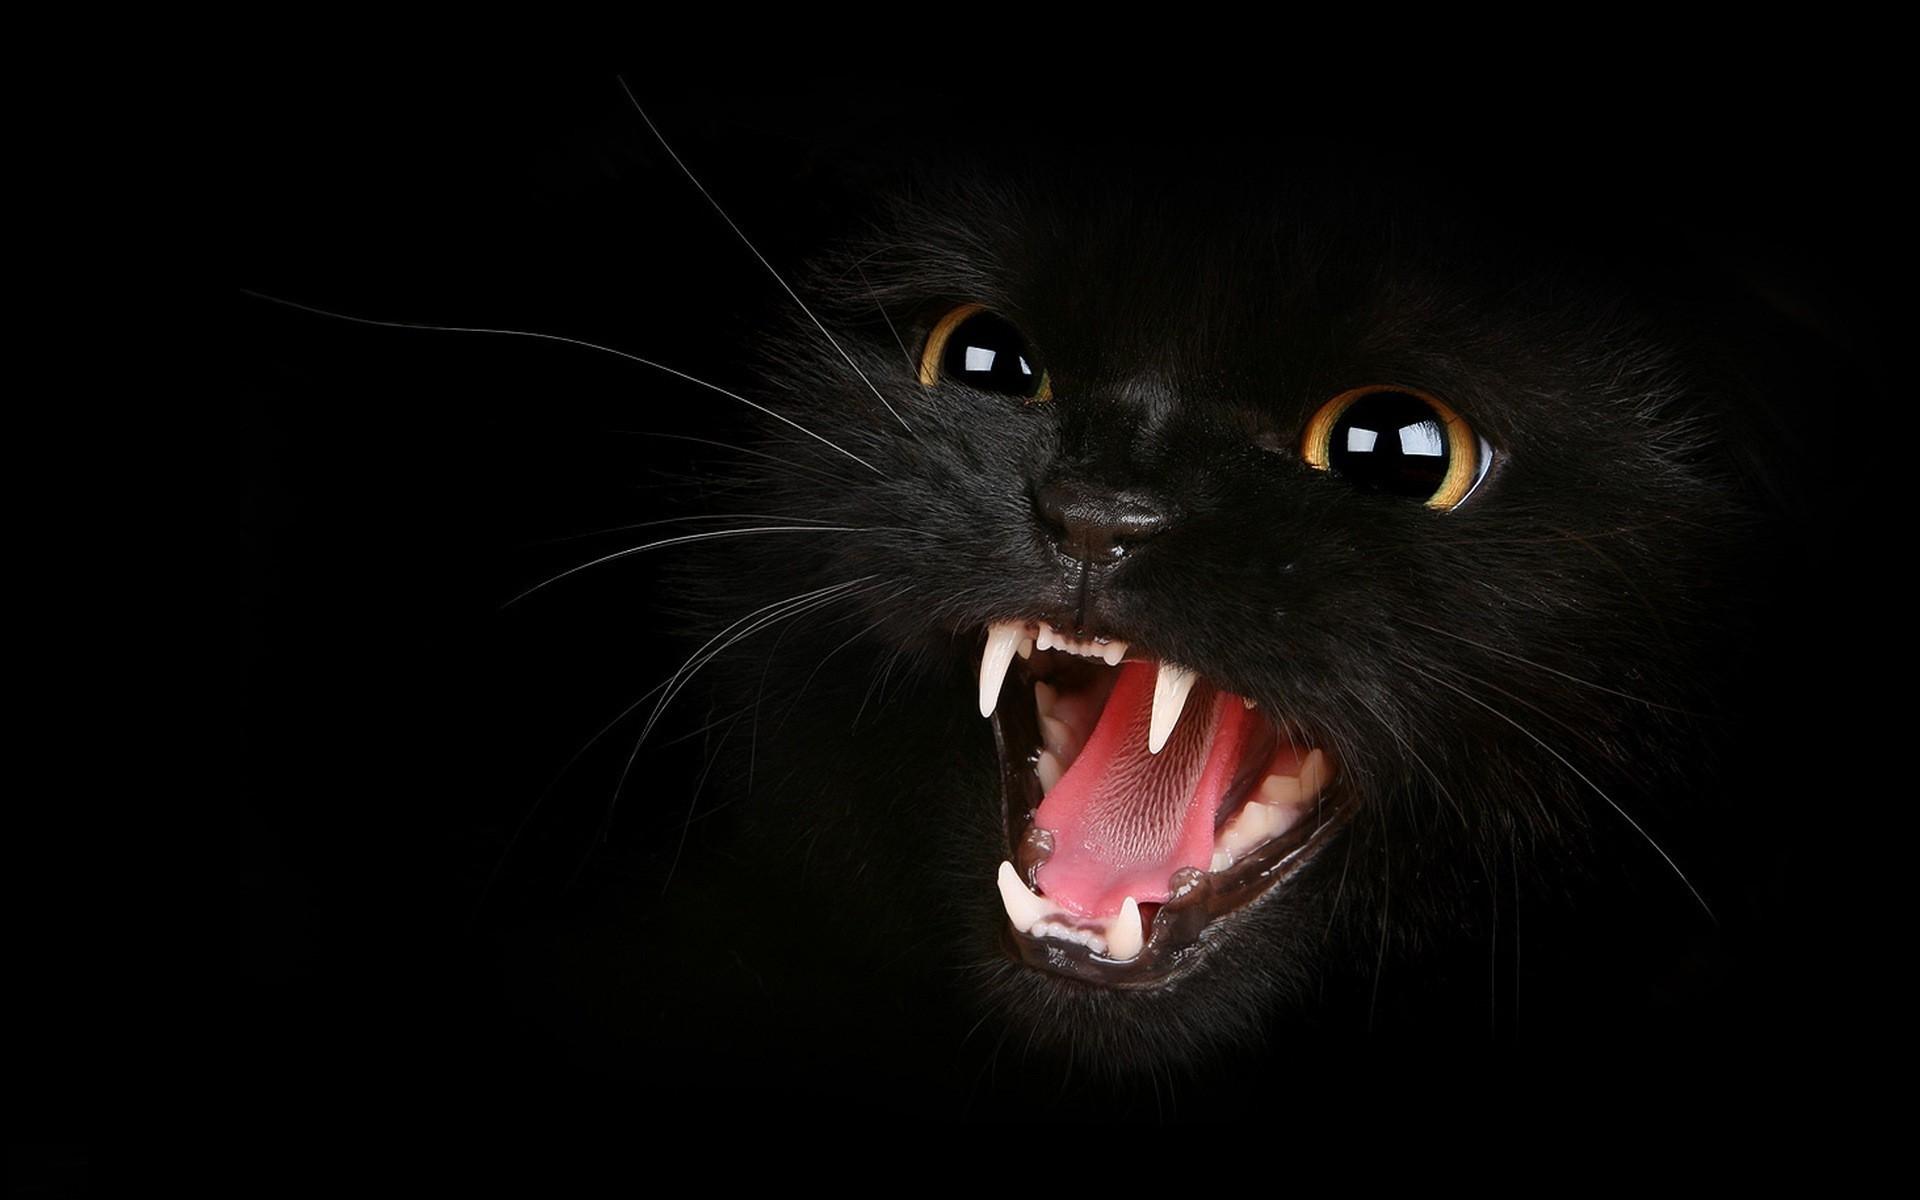 обои на рабочий стол глаза кошки на темном фоне № 237977 бесплатно
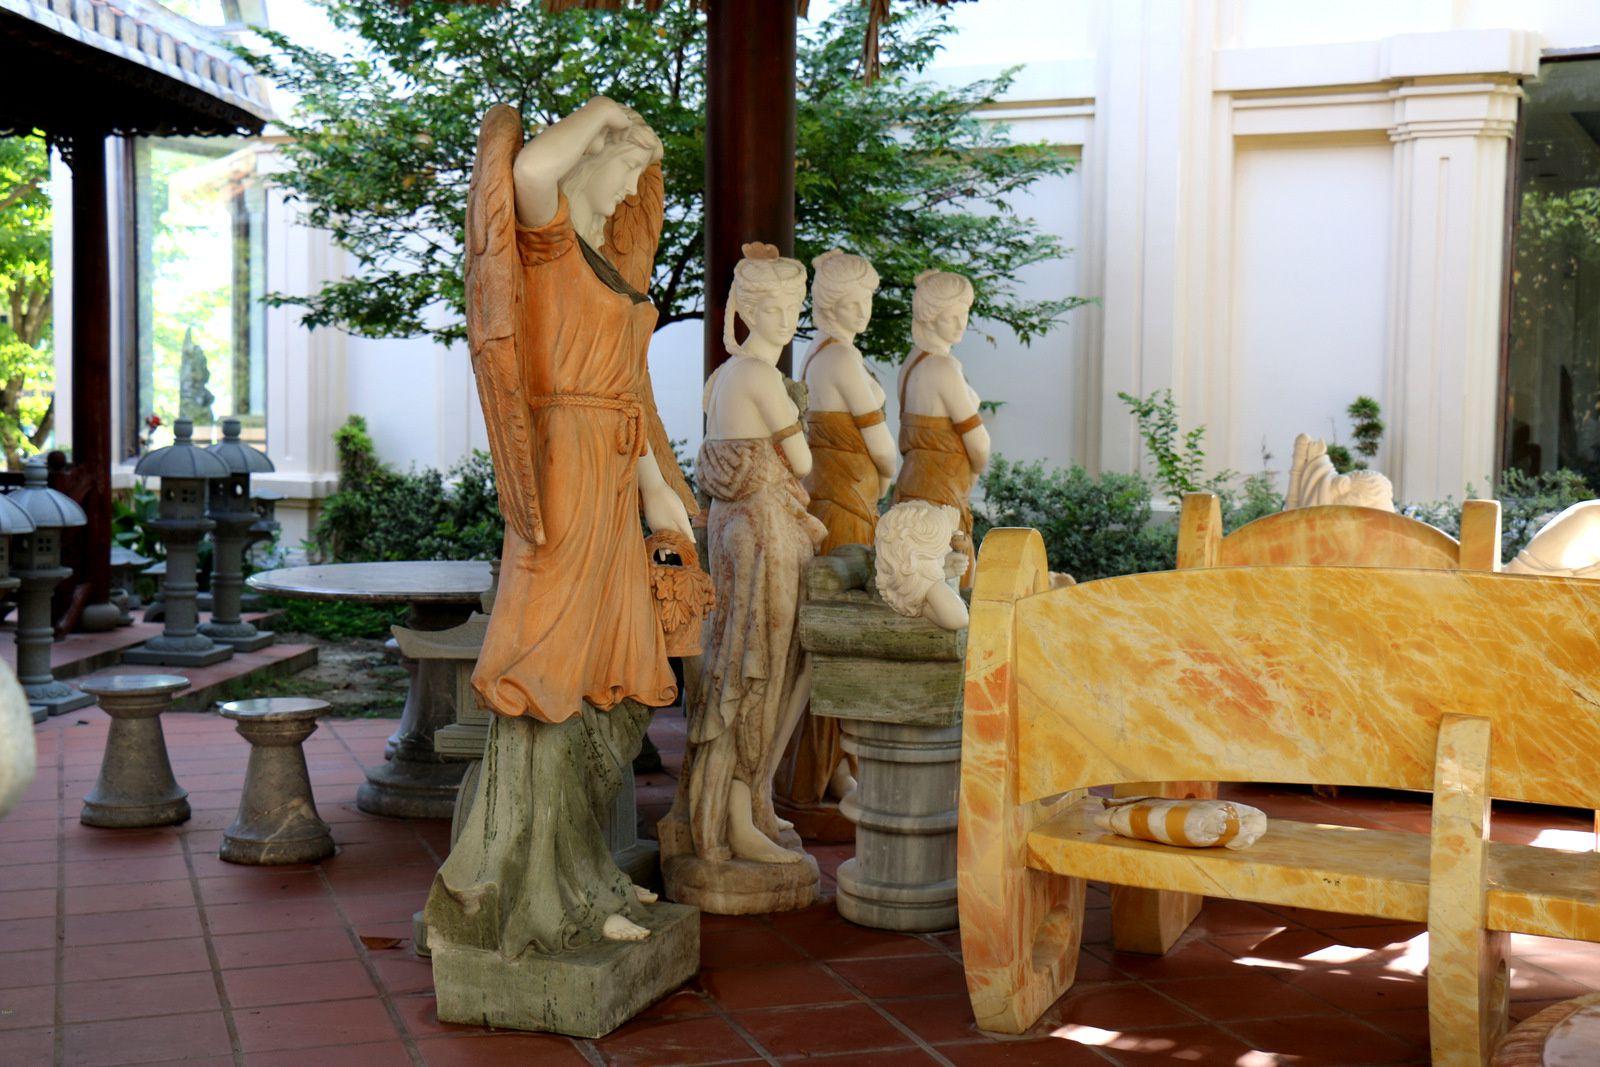 Marbrerie à Non Nuoc (Vietnam), sculptures féminines (1/2)
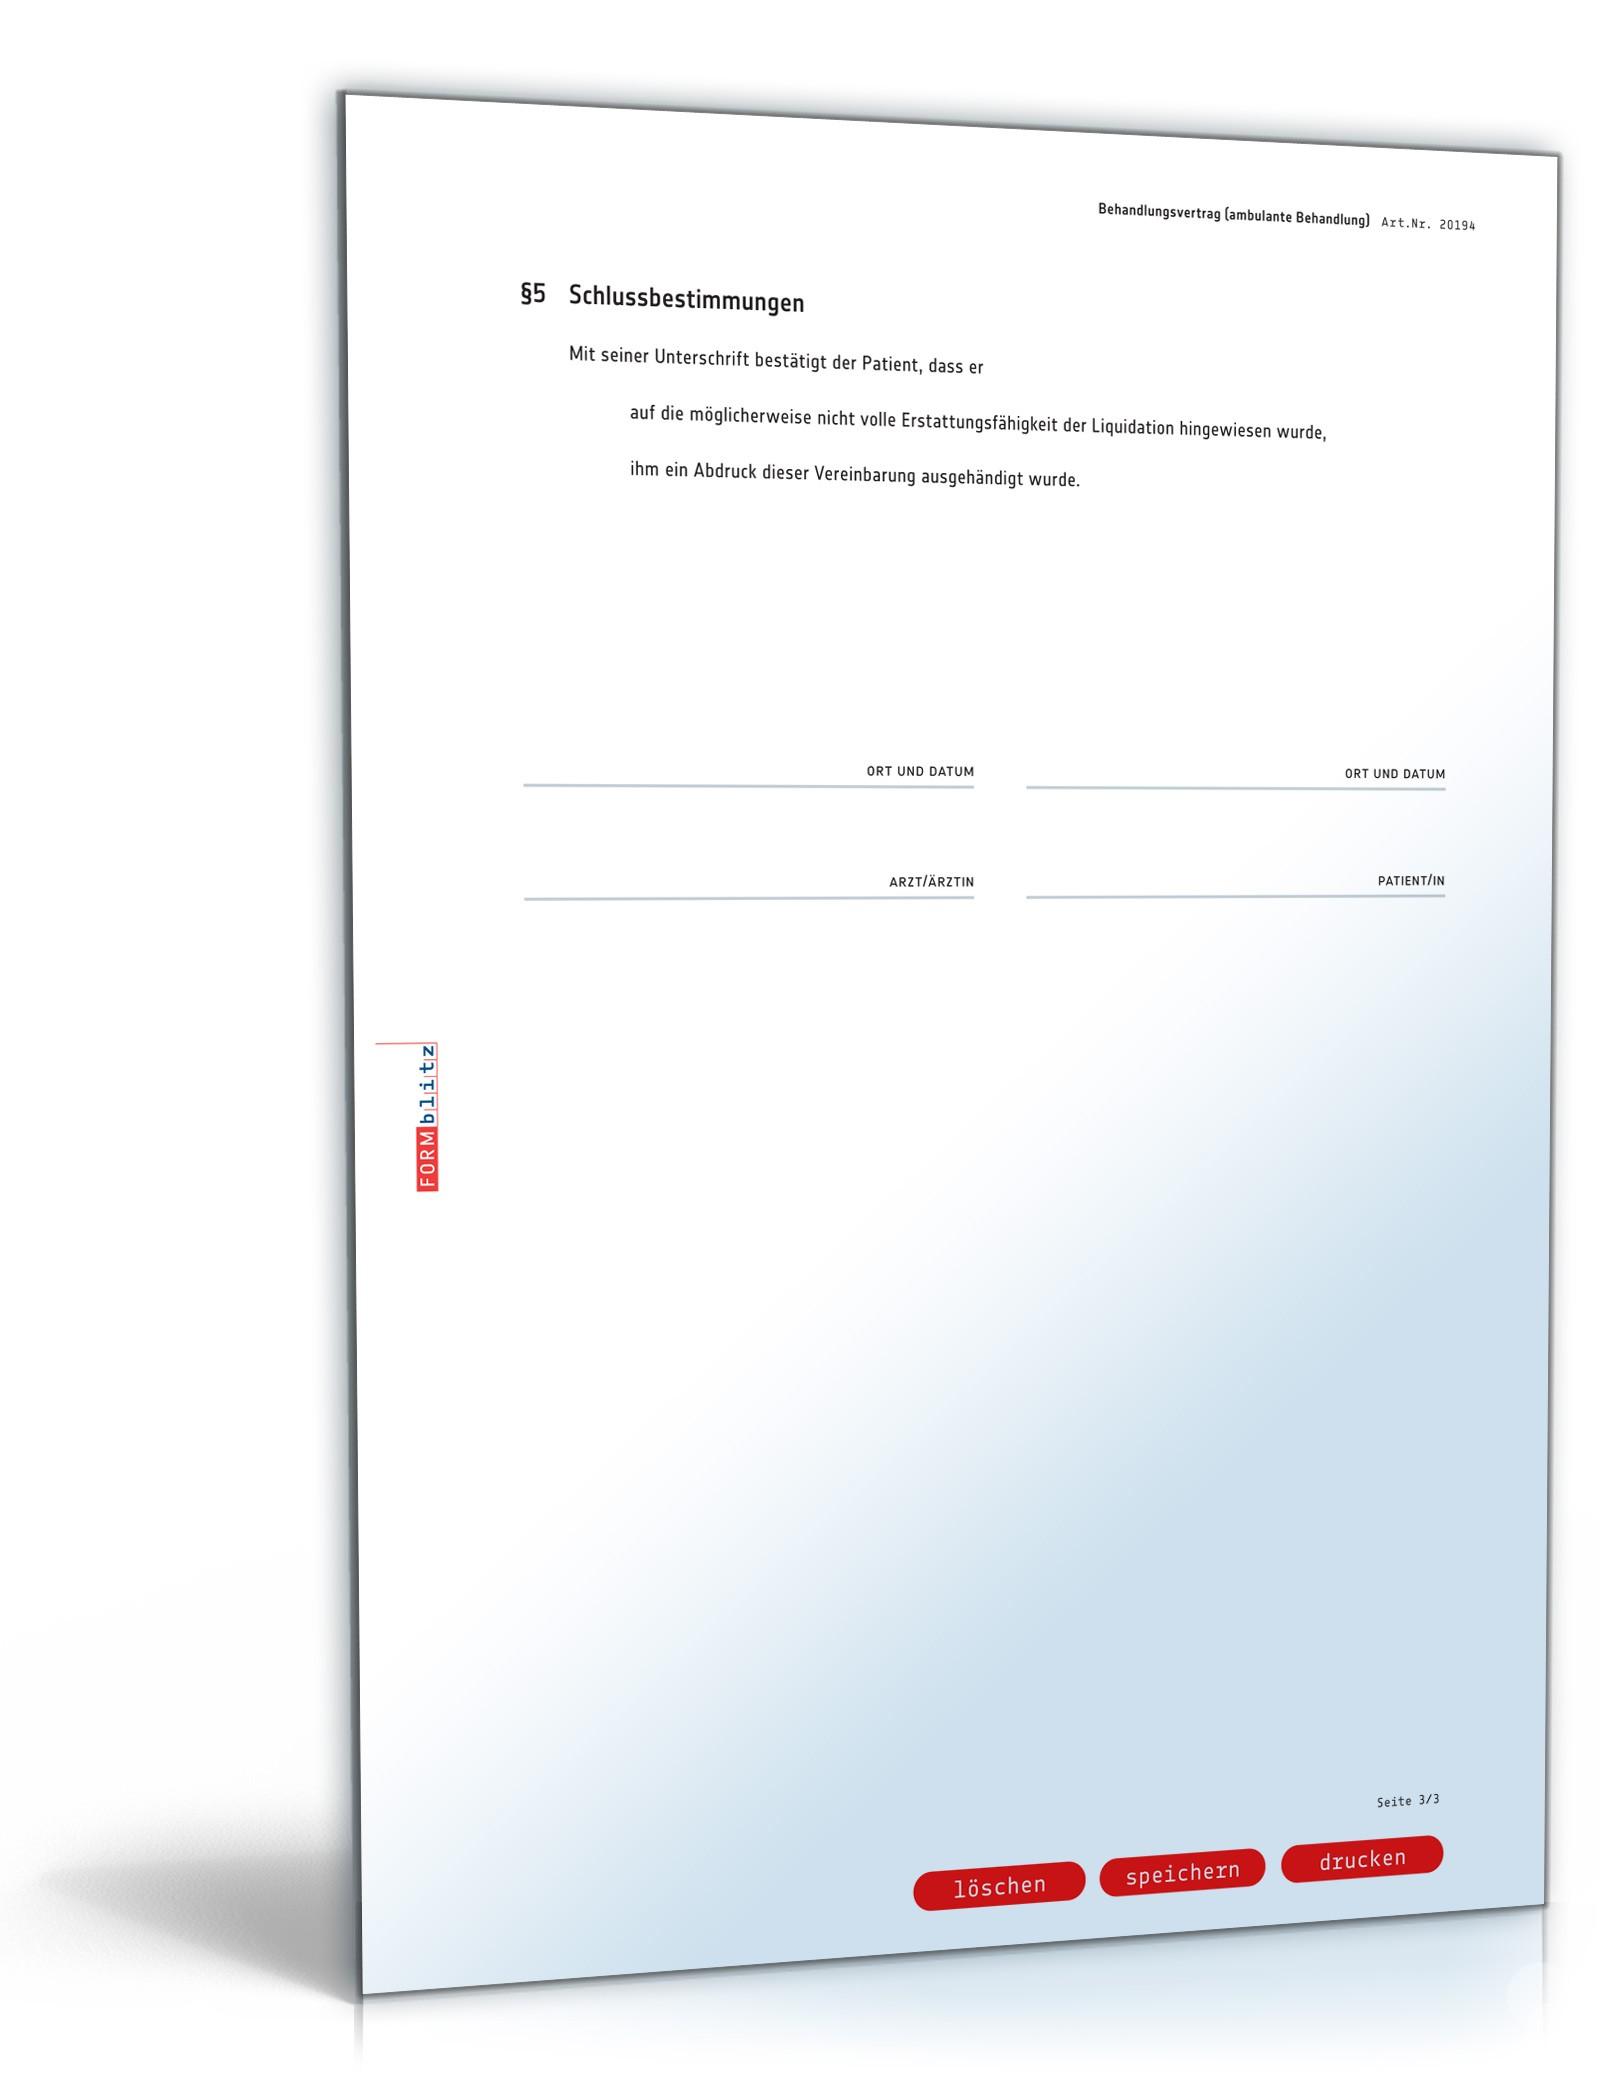 pdf seite 3 - Behandlungsvertrag Muster

● ● ●

• Work task: All of the material above should be reproduced exactly, except the pictures.

• Finished task:
 обои на рабочий стол глаза кошки на темном фоне № 237977 бесплатно
 Marbrerie à Non Nuoc (Vietnam), sculptures féminines (1/2)
 pdf seite 3 - Behandlungsvertrag Muster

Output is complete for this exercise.